The Chicago Cubs just took two of three from the Los Angeles Dodgers on the strength of two dominant pitching performances from Ryan Dempster and Ted Lilly. The latter pitcher’s performance, according to Dodger third baseman Casey Blake, was enhanced by some old fashioned cheatin’.
“I know he doesn’t have an overpowering fastball,” Blake said. “I know he’s trying to get as much of an edge as he can. But he moved in.
“That’s cheating. You’ve got to stay on the rubber.”

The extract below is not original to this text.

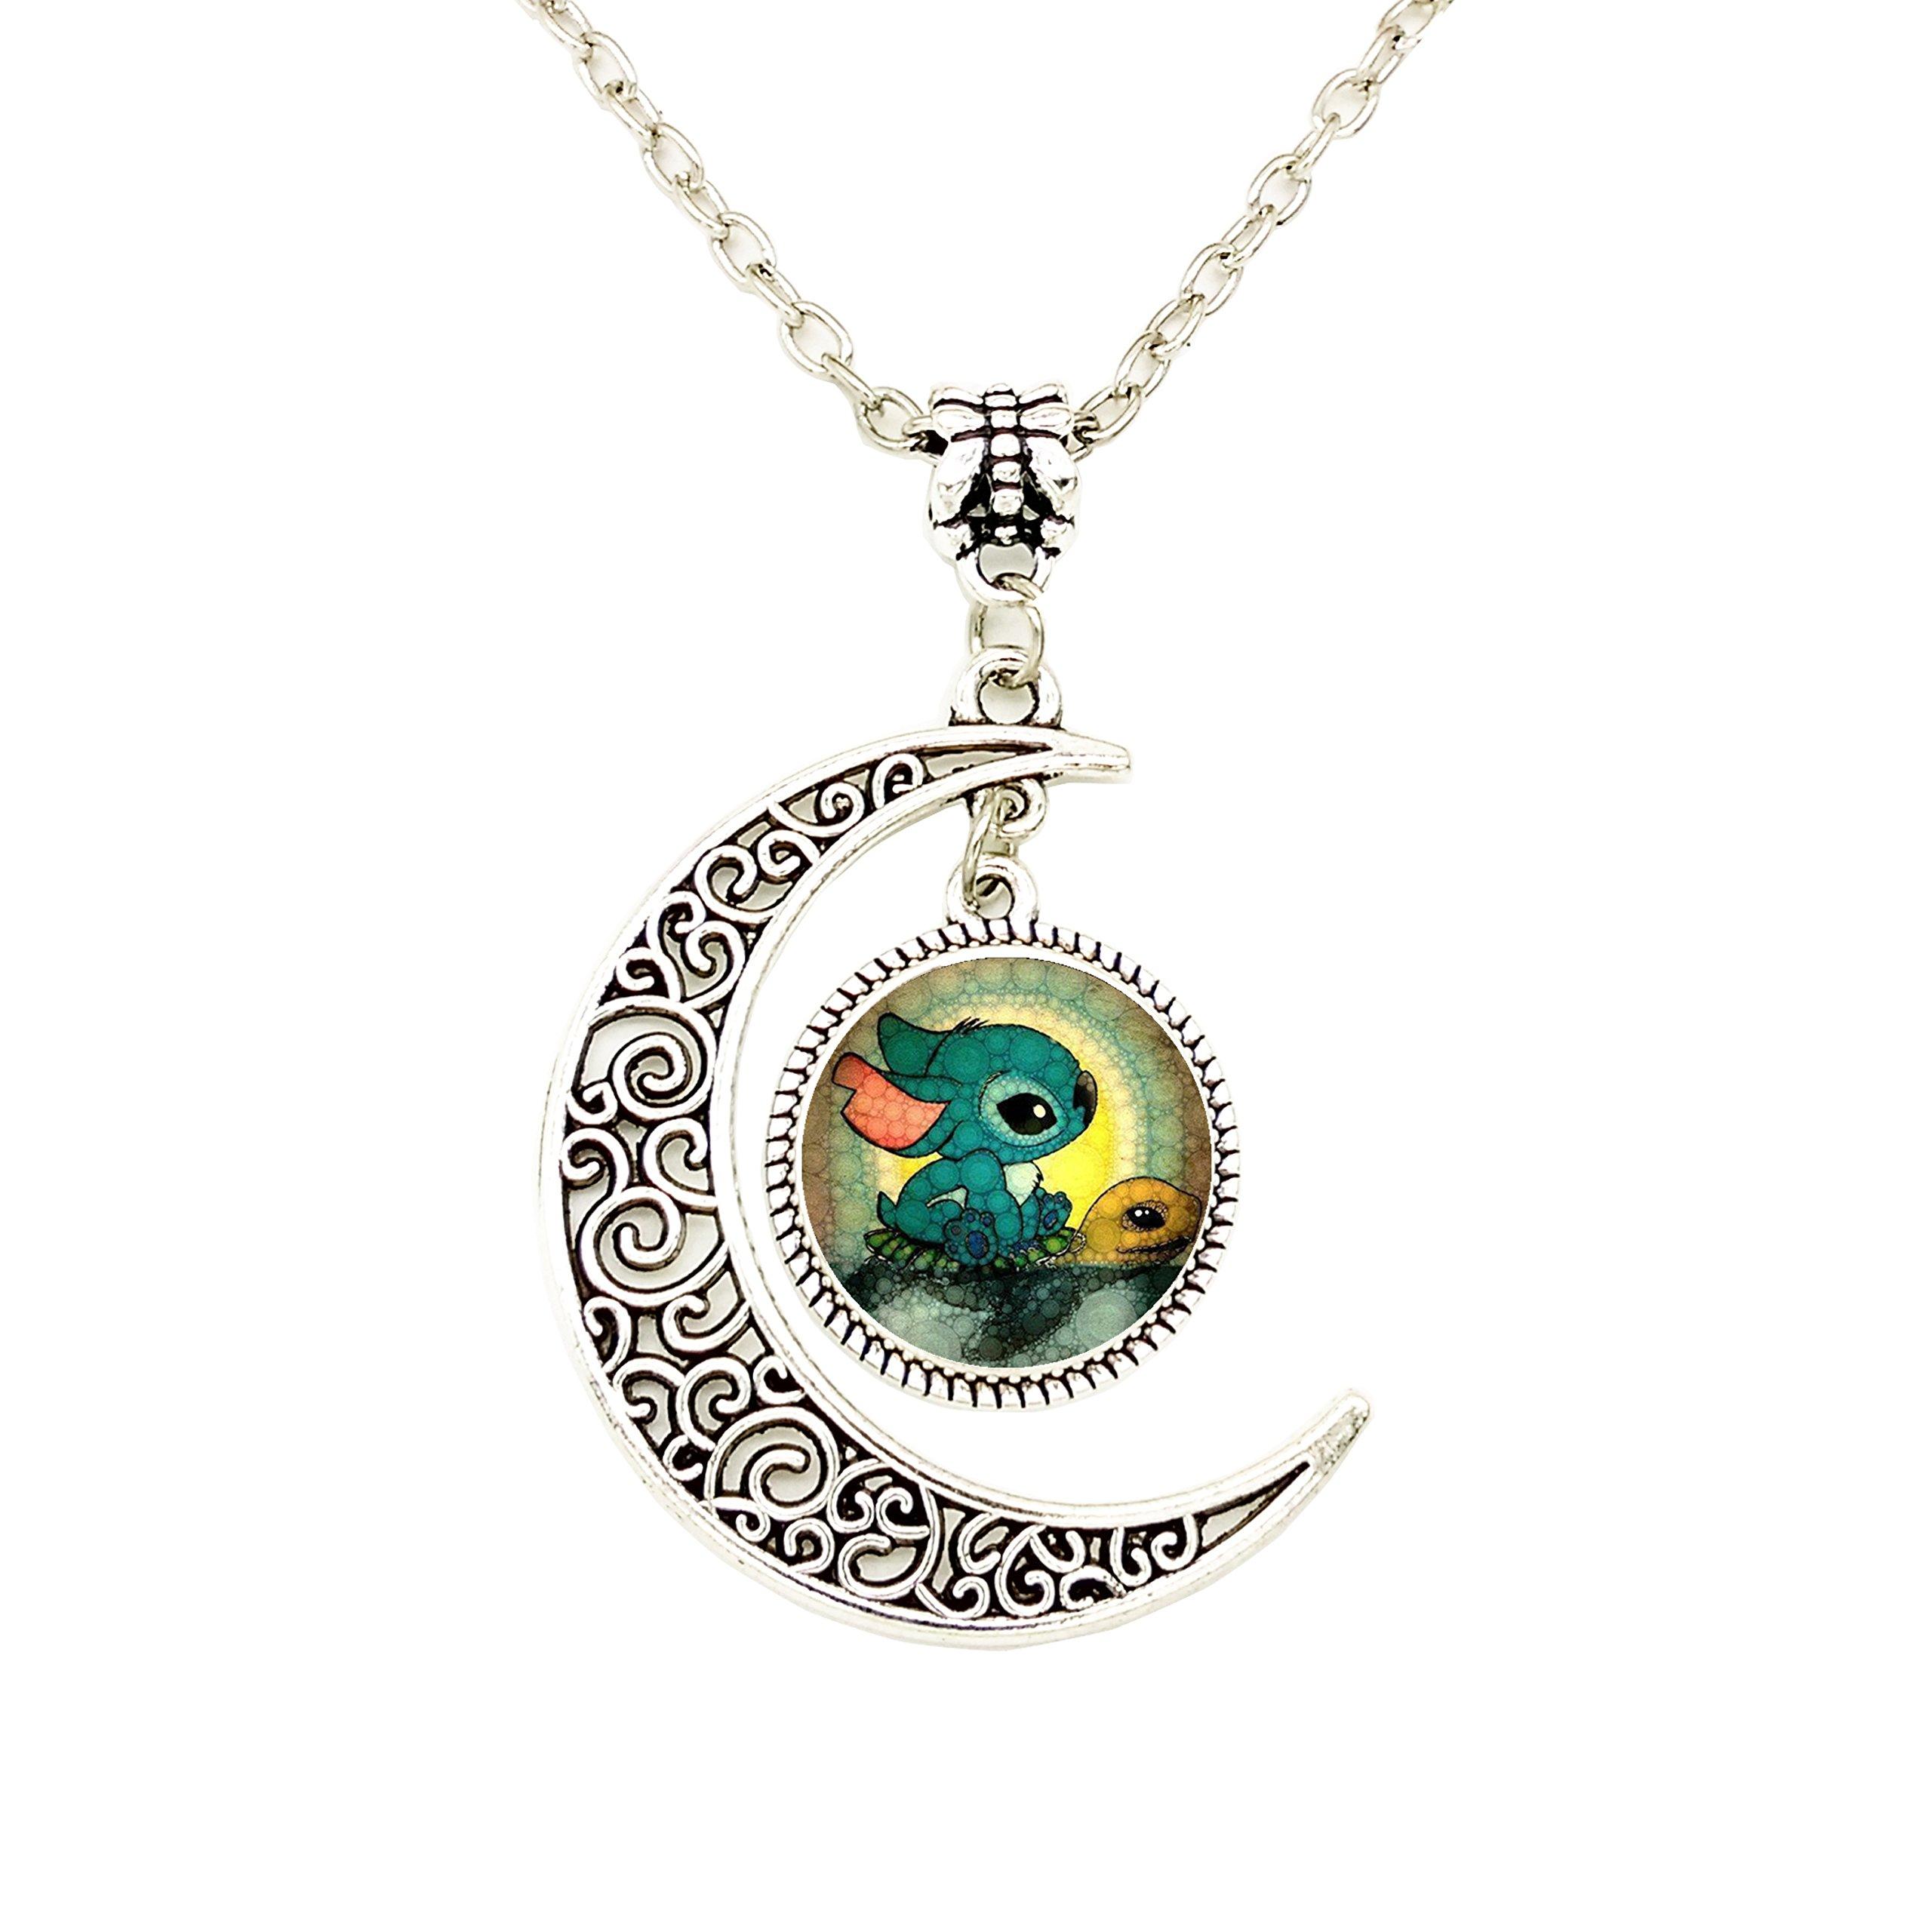 Liumart Handmade Moon Cartoon Pendant Necklace, Cute Crescent Moon Jewelry

Lilly did not hesitate to fire back.
“Sometimes a batter will get in the box and he’ll step out, and behind the box, and on the lines,” Lilly said. “I don’t think he’s trying to cheat. It might not be intentional.”
By pitching from in front of the rubber, Lilly said, a pitcher would lose the leverage of pushing off the rubber. Any such deliveries were strictly inadvertent, he said.
“I might have done it a couple times, just trying to gain my footing,” he said. Chicago Breaking Sports.
It seems to me that Lilly would have to move in from the rubber *significantly* in order for any benefit he got from the move to offset the inability to push off the rubber. A couple inches closer to the plate? Sure, that’s an advantage. Having no leverage off of which to drive your back foot? Surely that’s going to hurt you.
To the extent Lilly was doing it on purpose, this falls somewhere on the a little extra pine tar end of the spectrum rather than the doctoring baseballs end of the spectrum.
Either way, one thing is certain: when the Cubs face the Dodgers again this year, the second week of July, they’ll remember the assertiveness of Blake’s allegations.